3.6. High-PCD cluster is related to greater potency of generating immune response

For more understanding of the difference in the ability to generate immune response between the molecular clusters, several related features were introduced and analyzed. Compared with cluster B, higher values of CTA, HRD, and ITH were recognized in cluster A while the level of SNV and TMB was not significantly different (Fig. 5A–E). Meanwhile, the top 20 altered genes in these two clusters were identified and presented in the form of a waterfall chart (Fig. 5F). As the result showed, VHL (44%) and PBRM1 (38%) were the two most altered genes in both clusters followed by TTN (13%), SETD2 (11%), and BAP1 (9%). Moreover, the comparisons of immune chemokine, receptor, and MHC elucidated that the expression of these immunity-related factors was notably upregulated in cluster A (Fig. S3H). Thus, it may indicate that cluster A possessed a high potential to generate immune responses.

Fig. 5 — Analysis of the immunogenicity-related features in the molecular clusters. A-C. Different levels of CTA, HRD, and ITH among cluster A and B. D-E. No significant difference of SNV and TMB scores were recognized between the molecular clusters. F. A waterfall plot displaying the top 20 altered genes in cluster A and B.

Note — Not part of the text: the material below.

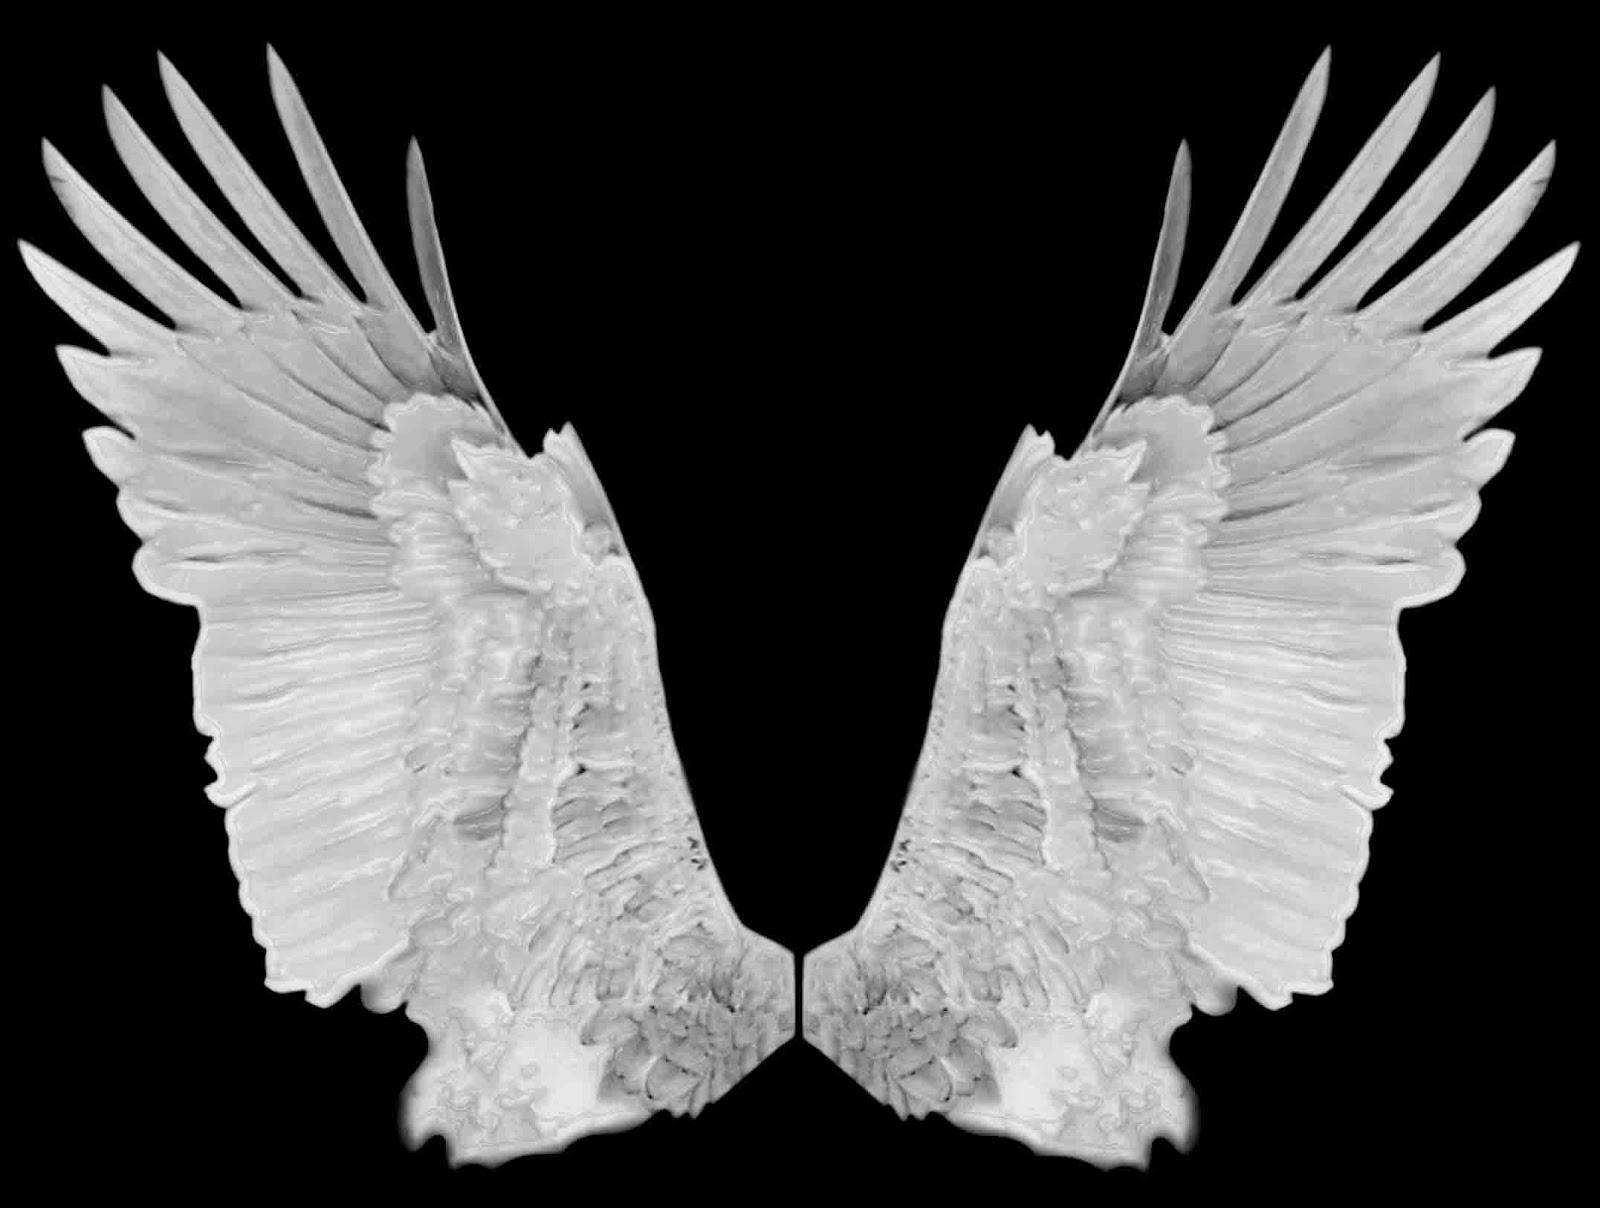 каждой картинка крыло ангела файл загрузится сервер

3.7. Patients in high-PCD cluster respond better toward immune and targeted therapies

Taking advantage of the online materials, we investigated the potential effect of the molecular clusters on the therapeutic decision. Through introducing immunophenoscore, which is positively correlated with therapeutic response to ICIs, it was demonstrated that samples in cluster A responded better toward PD1 blockade and combined blockade of PD1 and CTLA4 (Fig. 6A). Besides, the 50% inhibition concentration of Pazopanib, Sorafenib, and Sunitinib in cluster A was lower compared with those in cluster B, which means the samples in cluster A had higher sensitivity to these drugs (Fig. 6B). In addition, cluster A responded better to immune therapeutic measures like modulation of the TGF-beta pathway and IFN-gamma pathway (Fig. 6C–D). Furthermore, we investigated the enrichment of 10 oncogenic pathways in these clusters and identified that cell cycle and TP53 were more activated in cluster A (Fig. 6E), revealing a potential therapeutic target.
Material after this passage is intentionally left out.